Y comienza a intuir que Dios no habla sólo con las cosas que pasan fuera, sino también con las que acontecen en el interior de cada uno. A veces se siente confundido por sus estados de ánimo cambiantes. Se da cuenta de que sus aspiraciones de triunfo en el mundo y sus ideales de santidad son contradictorios. Y se pregunta, perplejo, cómo puede ser que esté tan confuso, que desee con tanta pasión alcanzar dos metas tan diferentes. Se desespera al no encontrar la respuesta. Y así se le van las semanas, recobrando lentamente las fuerzas, sacudido por esos deseos opuestos que se suceden tercamente.

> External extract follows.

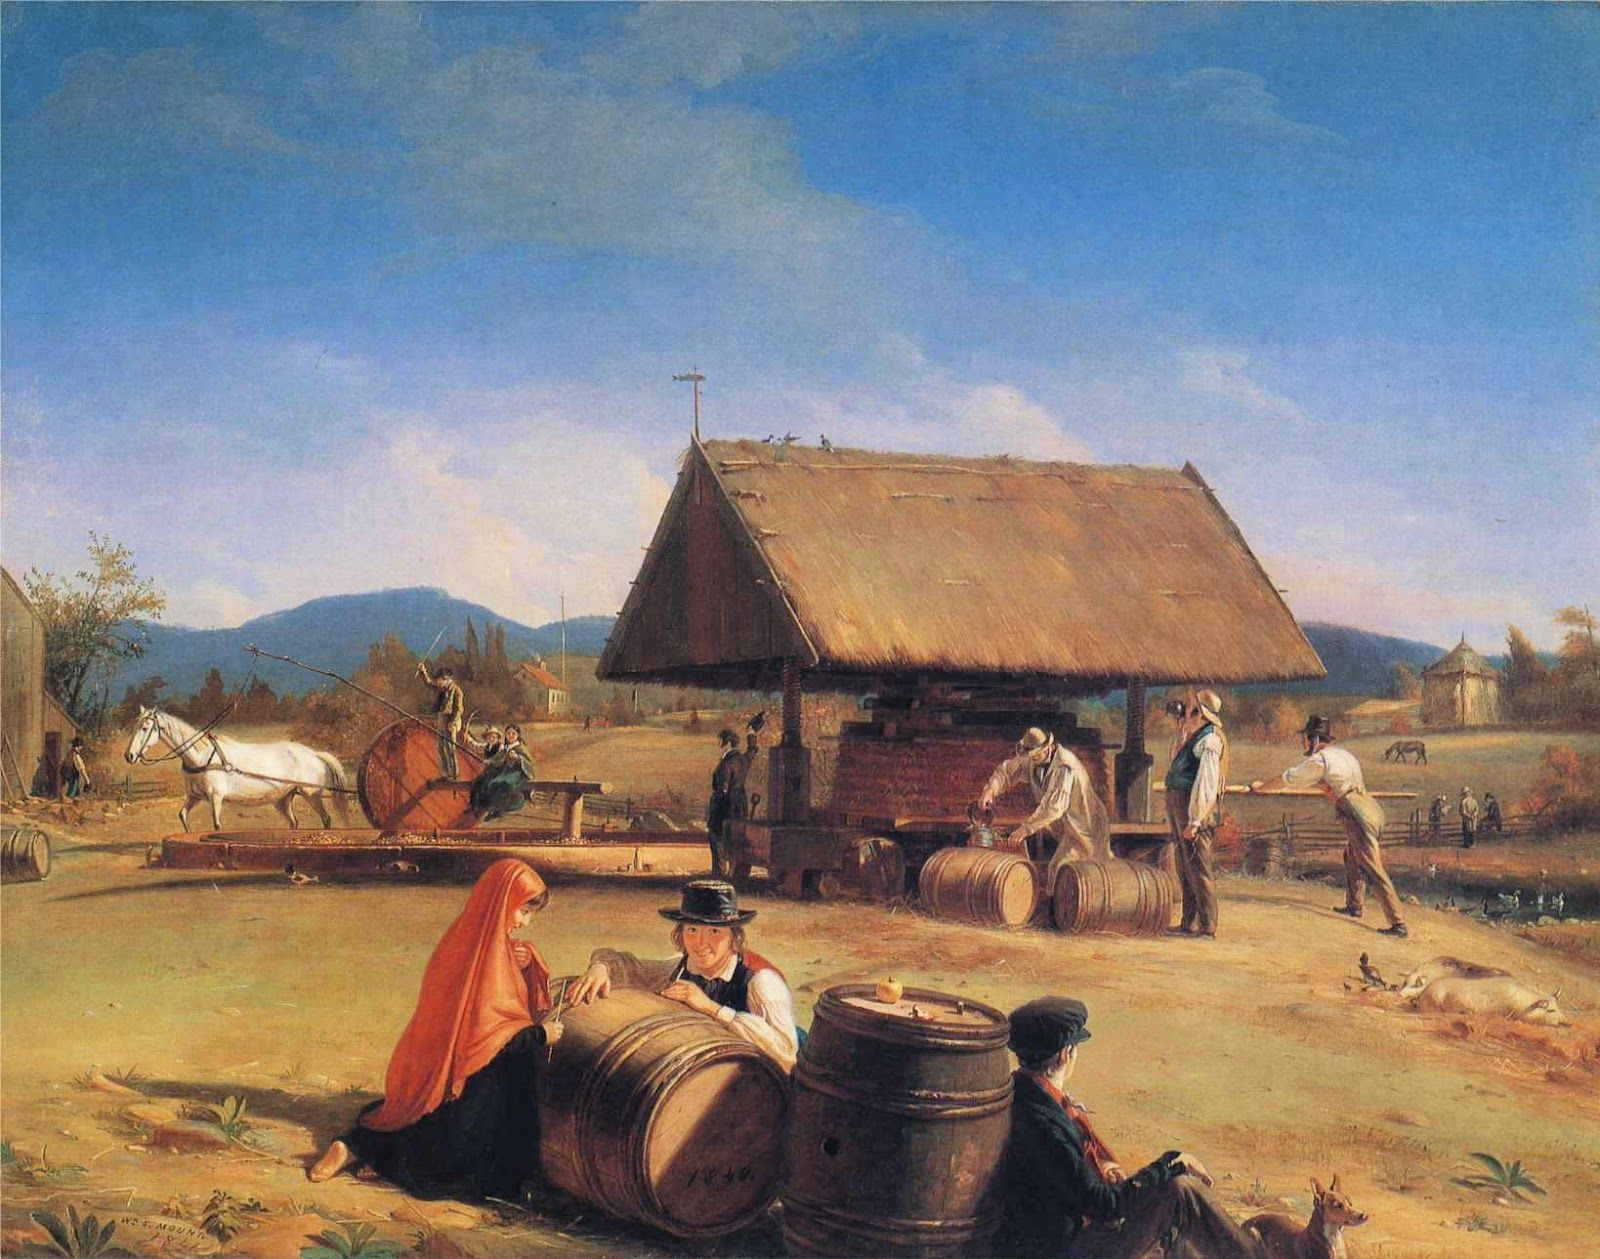 William Sidney Mount | William Sidney Mount | Pinterest

Una tarde, cuando está sentado meditando sobre estos humores volubles, desesperado por no entender qué le ocurre, todo parece encajar de golpe. ¿Por qué unos sueños le dejan contento por largo tiempo, mientras otros se convierten, de la noche a la mañana, en pesadilla? «Dios me está hablando», se dice. Al principio se asusta de su temeridad. Tiene miedo de decirlo en voz alta. Pero lo siente con absoluta certeza. Es Dios el que pone en su corazón el propósito de seguirle, de hacer el bien… y en cambio no es de Dios toda esa otra vanidad que al final le deja vacío. Las cosas de Dios duran de otro modo, permanecen, te llenan de consuelo. El resto es artificio, una quimera engañosa, un espejismo, un mal espíritu burlón y tramposo. Esta comprensión le deja extrañamente sereno. Contento. Tranquilo. Mira a lo lejos, por la ventana. Y se recoge en una oración silenciosa, con el sentimiento de quien ha descubierto un mundo.

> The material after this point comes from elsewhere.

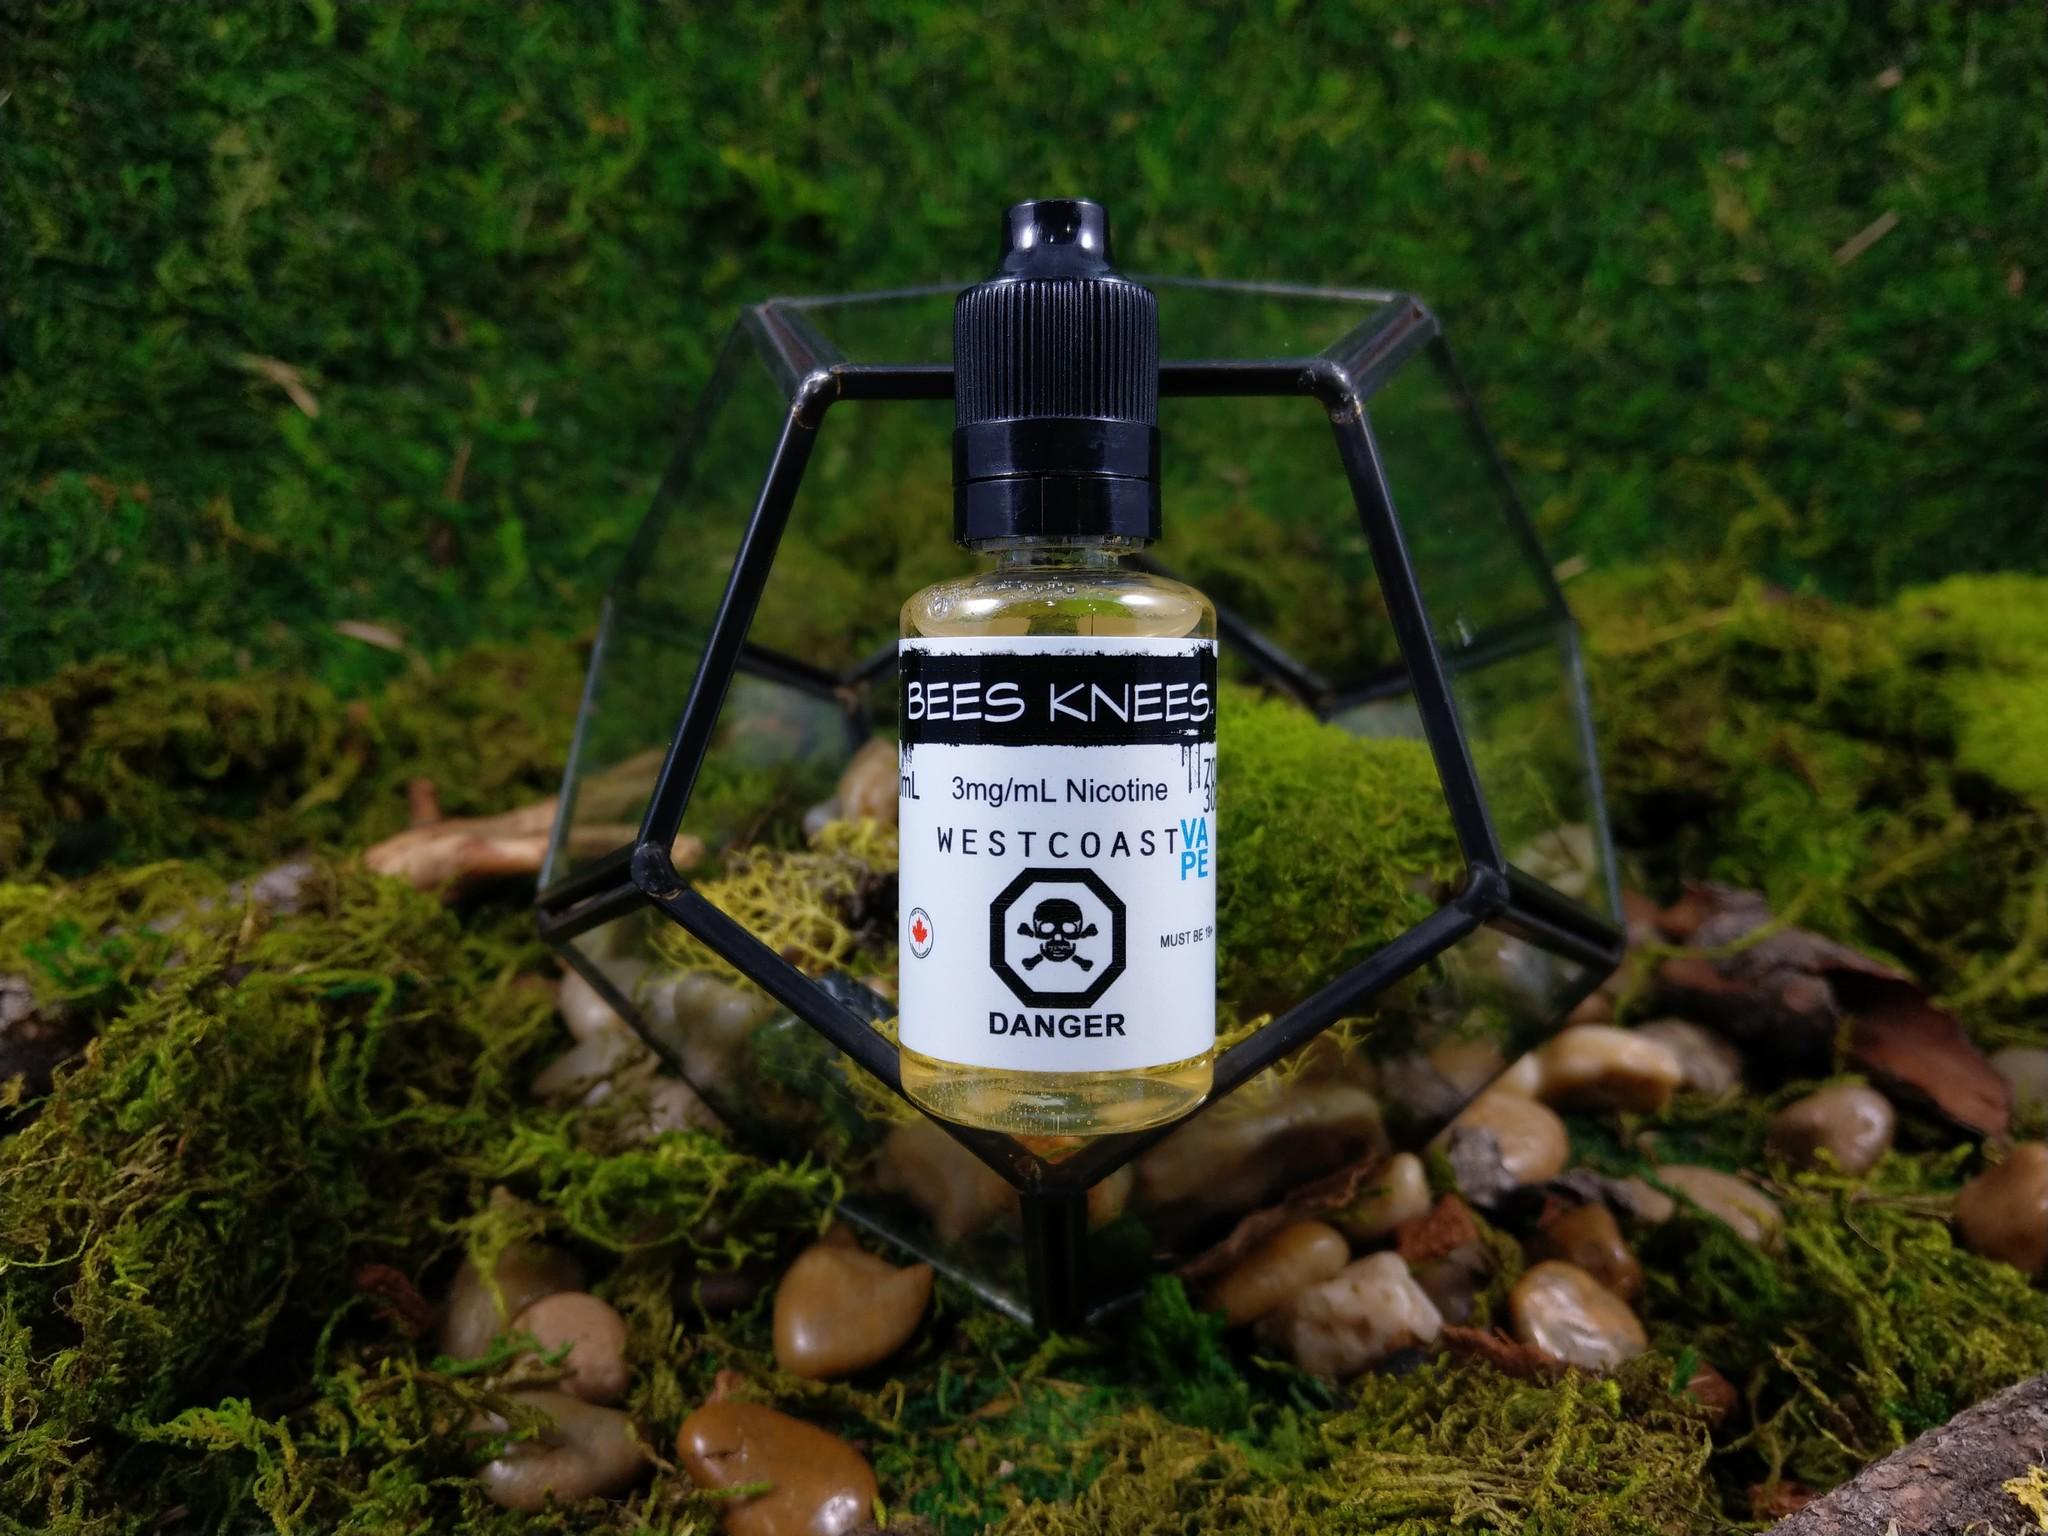 West Coast Vape E-Liquids Bees Knees

A partir de este momento le gana la alegría; parece triunfar, en los sueños de Íñigo, el deseo de imitar a los santos. A la luz de esos nuevos ideales revisa cómo ha transcurrido su existencia hasta ahora y siente vergüenza y pesar. La vida cortesana con sus intrigas y engreimientos le resulta ahora fugaz y vana. El servicio de las armas le parece de pronto grosero y excesivo.
Íñigo es un hombre de extremos. Ahora que ha intuido un nuevo horizonte aparta todo lo demás. Ya tiene un cometido, una meta. Y se entrega absolutamente a ello. Poco a poco va tomando forma un proyecto que se convierte en certeza: irá a Jerusalén haciendo penitencia por su vida anterior. Nada hay ahora más importante para él. Se ve ya caminante en tierras lejanas. Su mente viaja. Su corazón canta.